A podcast interview with former teacher John Lee, opens with this question: “Did you consider yourself a spy?”

Without missing a beat, Lee responds: “Technically, probably. But no, I didn’t.”

Air Force veteran John Lee, in front of the Air Force Honor Guard Memorial in Washington

John Lee spent more than 30 years as a teacher and administrator — with the bulk of those years at Our Lady of the Wayside in Arlington Heights and later St. Anne School in Barrington — and yet he never mentioned his highly classified role as a Russian interpreter during the Cold War.

“No one ever asked and I wasn’t going to bring it up,” Lee says with a laugh. “And besides, I was not a hero.”

True to his humble self, Lee describes the veterans who fought on the front lines in World War II as the real heroes, as well as those who fought in the jungles of Viet Nam and in the deserts of Afghanistan. Yet his role as a Russian interpreter, stationed in Southwest Germany listening to Russian fighter pilots in East Germany, is drawing a growing audience.

Lee was invited to share his story in a podcast with Paul Meincke, the veteran news broadcaster who spent 30 years at ABC 7, and now serves on the board of Honor Flight Chicago. It was back in 2019, that Lee accepted an invitation to board one of the Honor Flights to Washington DC, for a series of tributes and visits to famous memorials, all meant to honor, thank and inspire.

John Lee at Our Lady of the Wayside School, where he started in 1967

In the podcast, Lee described enlisting in the Air Force in 1955, after his first year of college. He chose Air Force and its four-year service requirement, as a chance to see the world. Little did he know that most of that world would be confined to a secret telecommunication van, lined with banks of radios, near Kassel, Germany.

It was during basic training, that a battery of tests revealed a hidden skill: Lee had an aptitude for foreign languages. Consequently, he was sent to Syracuse University for a year of intensive courses in Russian, taught by Russian ex-pats. And while he didn’t believe he was fluent, he was capable enough to understand military terms. In the fall of 1956, Lee took his new language skills — and a top-secret clearance — to the border of East Germany to listen to Soviet pilots flying overhead.

“You were searching for frequencies, twirling a dial until you found one, and when you did you locked in on that,” Lee describes. “Actually, much of it was humdrum, boring. We were looking for something exciting and it wasn’t there.”

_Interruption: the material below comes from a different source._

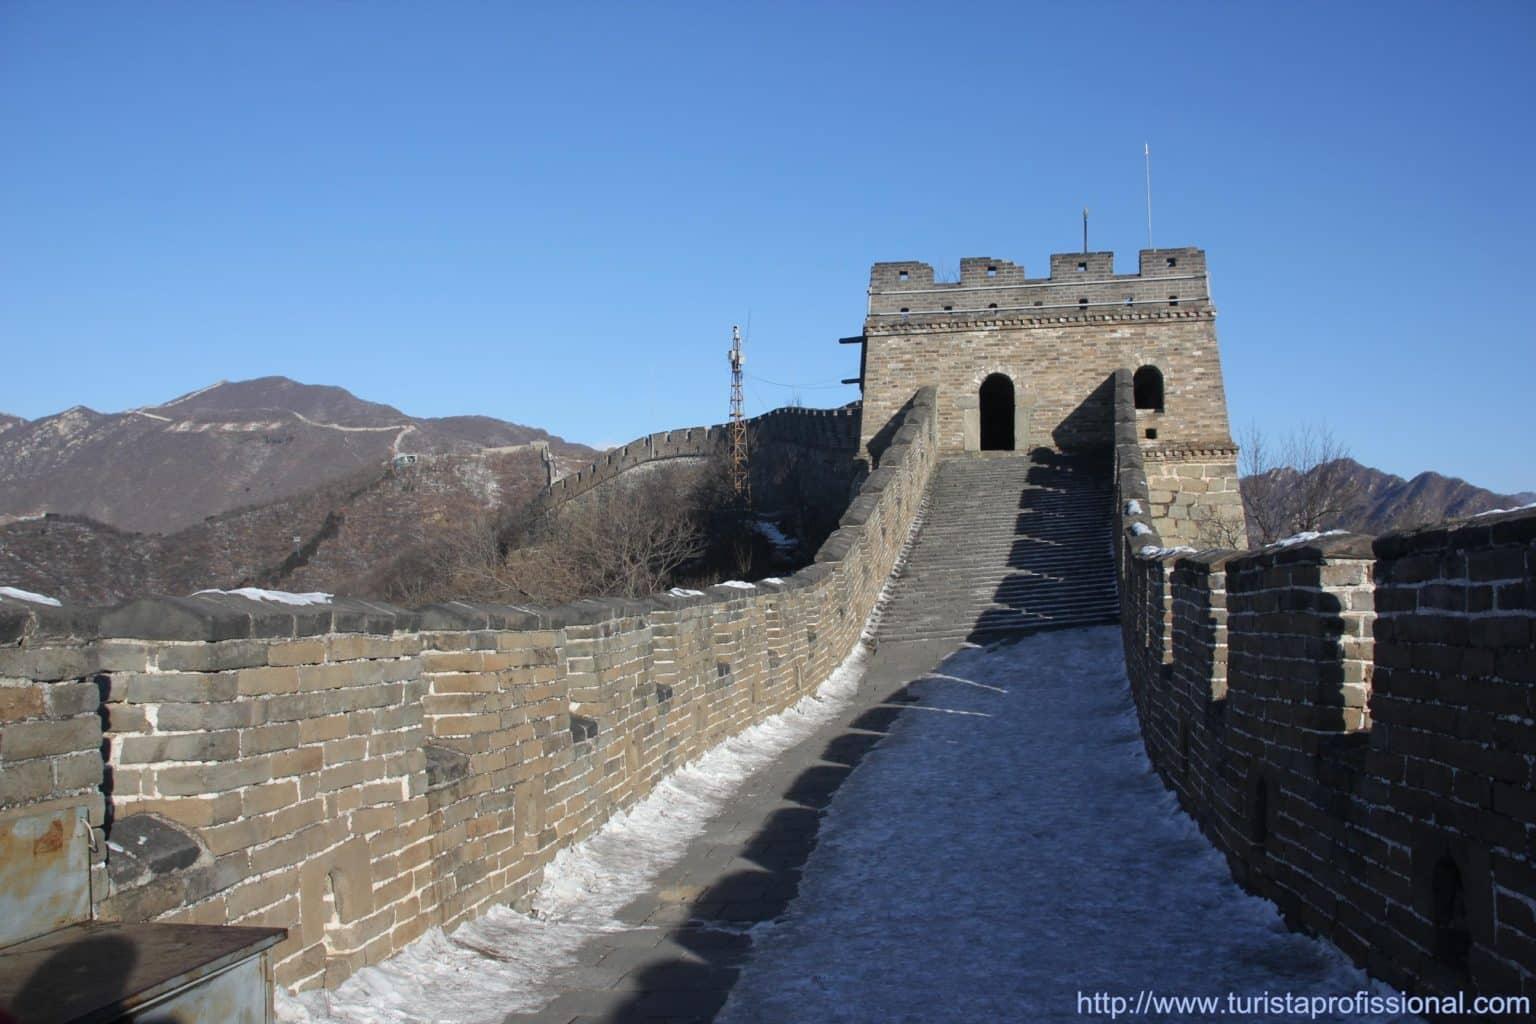 Muralha da China 2 - Olhares | Muralha da China

Lee ultimately was discharged at the end of 1958. He then returned to college and after spending a short stint with A.C. Nielsen Company, accepted his first teaching job at Our Lady of Hope School in Rosemont. After four years, he left for the much larger school at Our Lady of the Wayside, where he would start its algebra program, drive the school bus and serve as Assistant Principal.

John Lee, back row, center, with Wayside graduates from the class of 1970 who honored them at a reunion.

He also would meet his wife at Wayside, Rita Sweeney. She was a widow with five children and grandchildren, and Lee suddenly found himself part of a big family. Yet, even they did not know of his military background and skills as a Russian interpreter, until recently.

All of which begs the question: Why did he abandon his top secret intelligence work with the Air Force to spend his working life at Catholic schools in the Northwest suburbs?

“Teaching turned out to be the right career for me at the right time,” Lee says. “I wanted to bring some moral values into what I was teaching and have the freedom to teach how I wanted.”